In the event of a disability, often times personal savings, loans, or spousal income do not provide sufficient financial resources to meet the necessities of daily life. Disability Insurance products ensure that employees will have a source of income to fall back on should they become disabled.
Typically, large groups offer a richer benefit plan than what the smaller groups offer, and they tend to have less cost sharing with employees for disability premium.
Employer-sponsored disability programs are usually comprised of the following three parts:
Sick leave plan: covers casual absences
Short term disability (STD) plan: pays for short term claims of up to 6 months, or sometimes even a full year
Long term disability (LTD) plan: provides salary replacement after the STD period, which is usually to age 65 and even beyond
Both short and long term Disability Insurance are available for employers to include in their employee benefits package.

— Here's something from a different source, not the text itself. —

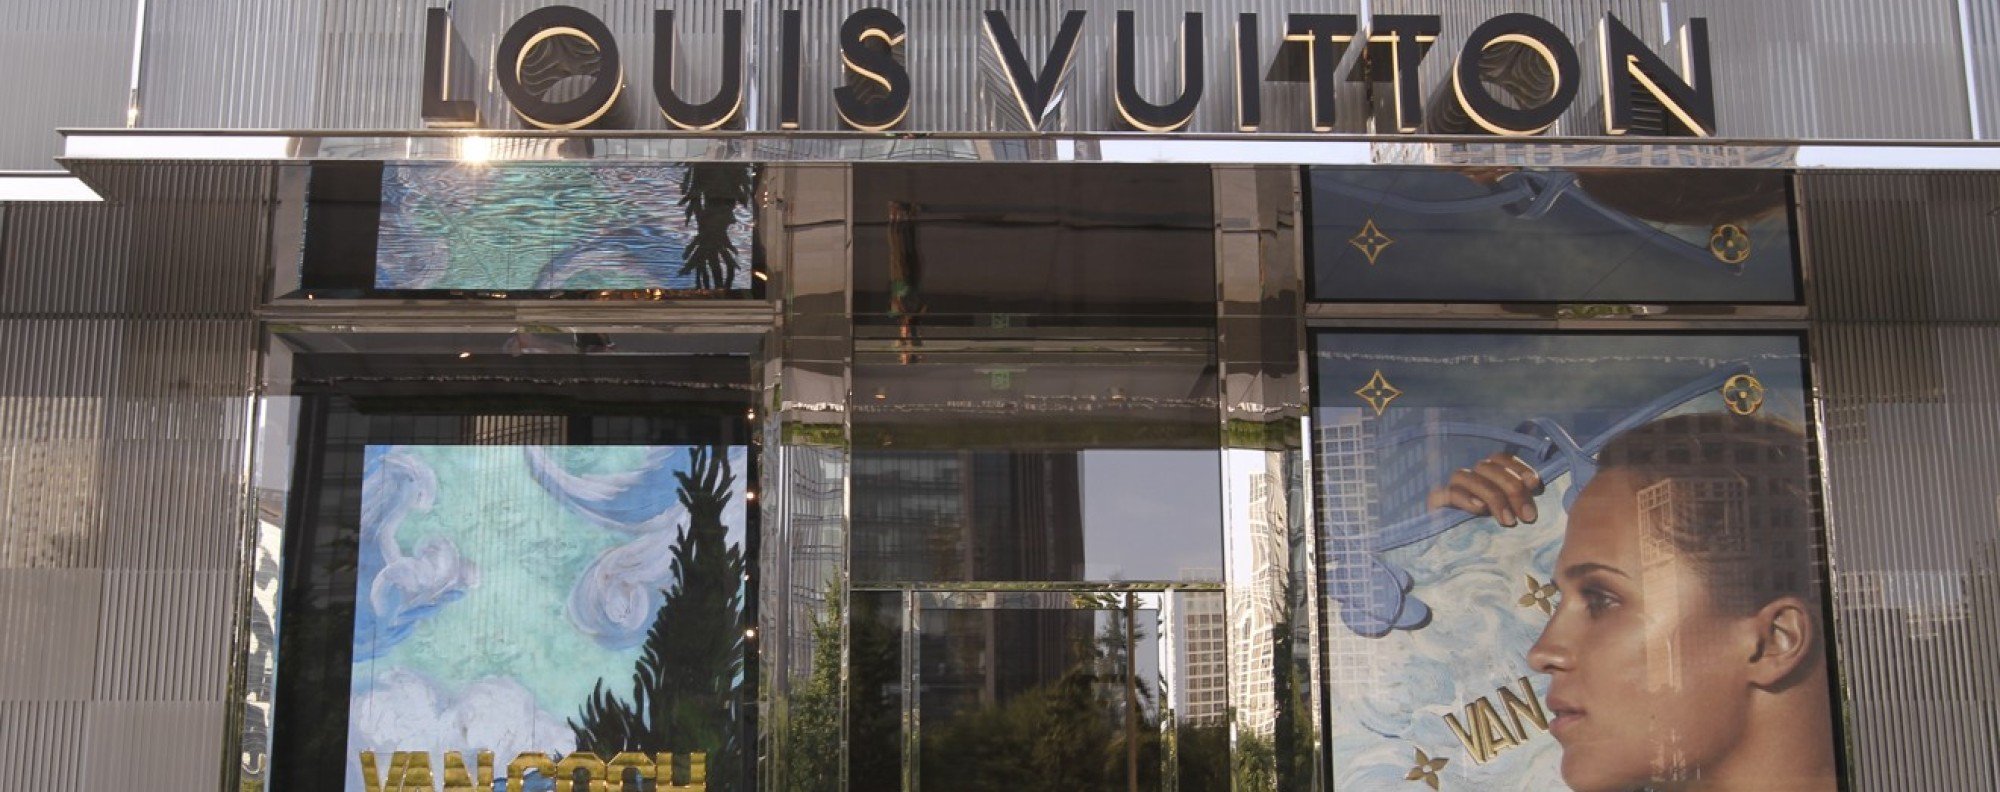 Vying for Vuitton: China's E-Commerce Rivals Seek Luxury Stranglehold

Long Term Disability Insurance provides financial assistance if an employee is unable to work for an extended period of time in the event they become totally disabled. This serves as a supplement to disability benefits available through government programs.
There are two categories of benefits payable under Long Term Disability Insurance:
Permanent Partial Disability – A monthly benefit based on average earnings is provided to the employee. This amount is also determined by the impairment of earning capacity and nature and the degree of the injury. The benefit may also pay out a lump sum for non-economic loss, such as a loss of enjoyment of life.

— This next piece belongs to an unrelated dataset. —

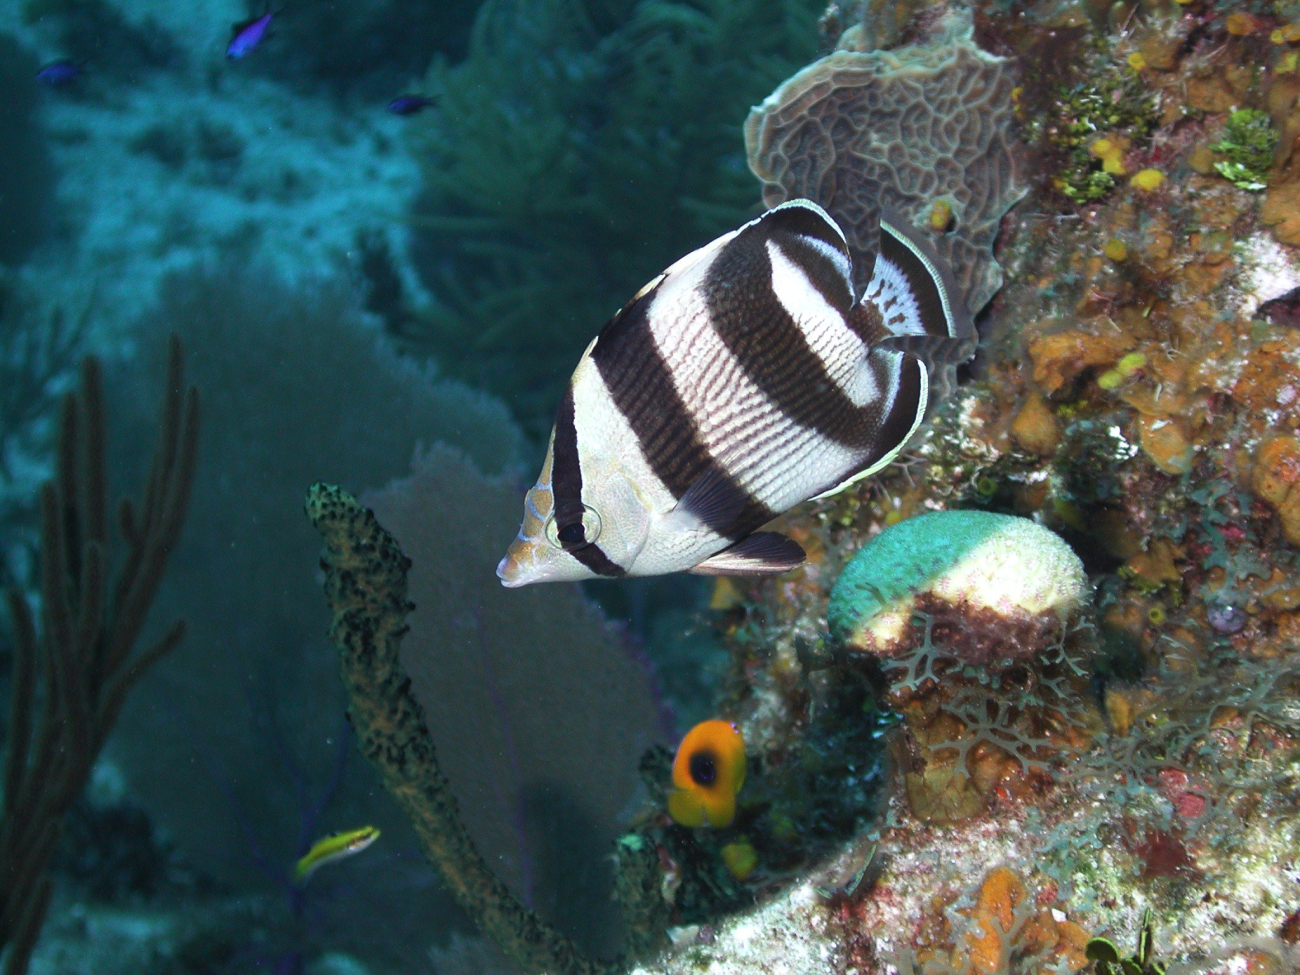 This banded butterflyfish is one of the more important predators on shallowcoral reefs

Permanent Total Disability – A monthly benefit is provided to the employee in the event that they will likely not recover from a work-related injury or sickness to the extent that he/she will not be able to work again.
Similarly, there are also two categories of benefits payable under Short Term Disability Insurance:
Temporary Partial Disability – An employee is considered partially disabled if he/she is unable to perform his/her regular job on a fulltime basis, but is able to work said job, or another job, on a partial basis. Weekly benefits are paid to the employee.
Temporary Total Disability – If an employee is temporarily disabled and cannot return to any type of work due to their work-related injury or sickness, they are provided weekly benefits to replace a portion of their earnings for as long as the disability lasts.
When claims are made, employees must provide medical evidence, including a prognosis outlining an estimated return-to-work date where possible.
If the employer contributes even $1 toward the LTD premiums, then the employees will be taxed on their LTD benefits.